About this task: Please print exactly the line containing "Advanced Clinical Awareness" and every line after it to the end of the records below, and nothing more.
*** Opening of Information supplied ***
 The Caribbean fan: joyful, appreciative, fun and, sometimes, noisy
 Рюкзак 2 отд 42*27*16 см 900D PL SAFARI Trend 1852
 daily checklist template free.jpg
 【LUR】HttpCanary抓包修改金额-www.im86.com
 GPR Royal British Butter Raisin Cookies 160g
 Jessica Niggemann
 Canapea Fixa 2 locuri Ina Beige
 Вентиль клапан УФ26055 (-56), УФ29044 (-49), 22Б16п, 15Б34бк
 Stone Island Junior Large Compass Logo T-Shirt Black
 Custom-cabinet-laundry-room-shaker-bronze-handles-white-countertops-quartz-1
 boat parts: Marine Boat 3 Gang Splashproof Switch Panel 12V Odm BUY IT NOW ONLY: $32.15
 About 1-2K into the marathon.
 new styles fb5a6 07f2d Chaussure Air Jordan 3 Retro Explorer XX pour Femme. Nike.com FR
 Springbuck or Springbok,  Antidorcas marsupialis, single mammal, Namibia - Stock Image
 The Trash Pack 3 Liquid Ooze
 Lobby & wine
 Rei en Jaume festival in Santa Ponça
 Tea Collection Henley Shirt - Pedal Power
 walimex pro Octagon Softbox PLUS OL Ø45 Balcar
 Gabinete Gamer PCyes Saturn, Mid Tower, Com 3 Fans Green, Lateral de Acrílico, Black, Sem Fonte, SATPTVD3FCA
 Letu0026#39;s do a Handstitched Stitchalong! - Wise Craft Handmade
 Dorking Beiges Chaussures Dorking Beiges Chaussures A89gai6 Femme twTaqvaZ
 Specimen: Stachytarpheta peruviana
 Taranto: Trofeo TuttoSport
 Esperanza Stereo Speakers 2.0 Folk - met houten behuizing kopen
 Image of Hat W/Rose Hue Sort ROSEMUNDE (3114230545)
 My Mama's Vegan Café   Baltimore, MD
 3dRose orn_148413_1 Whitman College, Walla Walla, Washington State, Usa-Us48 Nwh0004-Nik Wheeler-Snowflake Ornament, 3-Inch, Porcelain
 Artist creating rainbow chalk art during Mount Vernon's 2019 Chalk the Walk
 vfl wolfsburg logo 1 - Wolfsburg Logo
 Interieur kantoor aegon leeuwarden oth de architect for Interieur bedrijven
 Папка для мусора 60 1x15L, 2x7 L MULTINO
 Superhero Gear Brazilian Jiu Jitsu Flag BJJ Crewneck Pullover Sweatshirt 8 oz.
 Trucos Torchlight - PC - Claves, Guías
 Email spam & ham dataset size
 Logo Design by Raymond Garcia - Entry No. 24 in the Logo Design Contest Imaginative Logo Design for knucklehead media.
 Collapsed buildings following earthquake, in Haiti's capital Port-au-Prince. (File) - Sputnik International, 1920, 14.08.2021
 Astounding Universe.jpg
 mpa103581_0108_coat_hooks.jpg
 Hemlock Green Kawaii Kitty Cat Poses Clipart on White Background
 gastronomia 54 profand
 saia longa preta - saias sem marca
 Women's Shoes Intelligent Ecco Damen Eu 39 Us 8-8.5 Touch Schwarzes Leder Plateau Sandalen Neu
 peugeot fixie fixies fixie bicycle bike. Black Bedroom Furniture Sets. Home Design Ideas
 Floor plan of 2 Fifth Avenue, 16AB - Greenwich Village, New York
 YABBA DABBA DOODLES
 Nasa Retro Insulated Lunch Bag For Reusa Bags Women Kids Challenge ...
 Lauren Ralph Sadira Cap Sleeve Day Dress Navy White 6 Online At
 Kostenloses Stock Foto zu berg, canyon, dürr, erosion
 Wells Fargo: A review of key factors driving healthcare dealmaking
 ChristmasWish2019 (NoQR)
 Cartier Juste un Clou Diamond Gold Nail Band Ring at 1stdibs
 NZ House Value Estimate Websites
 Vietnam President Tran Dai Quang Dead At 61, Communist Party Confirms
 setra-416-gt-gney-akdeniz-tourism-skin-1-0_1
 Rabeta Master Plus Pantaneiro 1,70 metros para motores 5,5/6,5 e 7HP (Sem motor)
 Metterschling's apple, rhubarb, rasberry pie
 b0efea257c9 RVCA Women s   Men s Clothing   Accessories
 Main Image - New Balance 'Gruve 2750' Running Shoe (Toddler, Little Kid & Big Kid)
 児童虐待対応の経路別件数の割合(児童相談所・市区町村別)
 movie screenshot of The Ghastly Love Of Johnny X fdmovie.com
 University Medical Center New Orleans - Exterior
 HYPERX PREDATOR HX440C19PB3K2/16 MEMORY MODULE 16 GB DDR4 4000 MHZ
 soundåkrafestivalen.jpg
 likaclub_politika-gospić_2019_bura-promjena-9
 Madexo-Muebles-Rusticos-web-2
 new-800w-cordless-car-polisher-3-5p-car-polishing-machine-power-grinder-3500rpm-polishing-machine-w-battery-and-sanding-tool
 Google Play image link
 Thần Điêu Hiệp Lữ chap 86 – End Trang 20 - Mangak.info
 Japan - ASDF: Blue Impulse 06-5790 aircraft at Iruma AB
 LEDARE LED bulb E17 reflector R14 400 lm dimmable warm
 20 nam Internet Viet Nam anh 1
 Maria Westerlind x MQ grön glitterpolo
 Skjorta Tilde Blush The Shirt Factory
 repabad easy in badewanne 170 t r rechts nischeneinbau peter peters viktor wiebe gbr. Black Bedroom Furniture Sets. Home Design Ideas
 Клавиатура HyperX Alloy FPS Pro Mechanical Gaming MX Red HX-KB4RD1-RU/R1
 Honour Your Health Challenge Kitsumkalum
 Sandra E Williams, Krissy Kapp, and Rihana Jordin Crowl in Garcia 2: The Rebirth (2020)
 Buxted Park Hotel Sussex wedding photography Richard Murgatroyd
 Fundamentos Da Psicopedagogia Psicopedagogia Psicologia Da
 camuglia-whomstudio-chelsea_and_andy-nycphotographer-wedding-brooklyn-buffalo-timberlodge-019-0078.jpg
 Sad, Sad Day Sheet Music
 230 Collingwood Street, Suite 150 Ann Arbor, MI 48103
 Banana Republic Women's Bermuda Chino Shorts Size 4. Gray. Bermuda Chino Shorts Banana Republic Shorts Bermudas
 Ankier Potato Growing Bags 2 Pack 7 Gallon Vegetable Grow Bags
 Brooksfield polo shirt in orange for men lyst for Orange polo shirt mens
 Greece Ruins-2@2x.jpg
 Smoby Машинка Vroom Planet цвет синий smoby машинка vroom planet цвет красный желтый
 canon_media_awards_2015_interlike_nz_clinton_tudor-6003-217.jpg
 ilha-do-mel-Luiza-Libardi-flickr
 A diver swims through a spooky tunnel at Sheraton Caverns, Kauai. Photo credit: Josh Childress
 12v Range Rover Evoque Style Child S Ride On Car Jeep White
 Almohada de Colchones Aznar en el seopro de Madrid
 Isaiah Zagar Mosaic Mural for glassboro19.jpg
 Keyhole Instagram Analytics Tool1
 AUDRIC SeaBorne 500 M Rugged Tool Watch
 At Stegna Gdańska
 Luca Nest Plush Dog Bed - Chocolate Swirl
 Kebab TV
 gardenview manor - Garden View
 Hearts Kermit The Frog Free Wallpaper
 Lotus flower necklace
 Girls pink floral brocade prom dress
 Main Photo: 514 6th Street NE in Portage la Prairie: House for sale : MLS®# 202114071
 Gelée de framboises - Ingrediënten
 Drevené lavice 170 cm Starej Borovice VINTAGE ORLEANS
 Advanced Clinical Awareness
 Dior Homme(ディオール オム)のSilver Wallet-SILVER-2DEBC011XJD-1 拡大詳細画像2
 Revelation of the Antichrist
*** Close of Information supplied ***
Answer:
 Advanced Clinical Awareness
 Dior Homme(ディオール オム)のSilver Wallet-SILVER-2DEBC011XJD-1 拡大詳細画像2
 Revelation of the Antichrist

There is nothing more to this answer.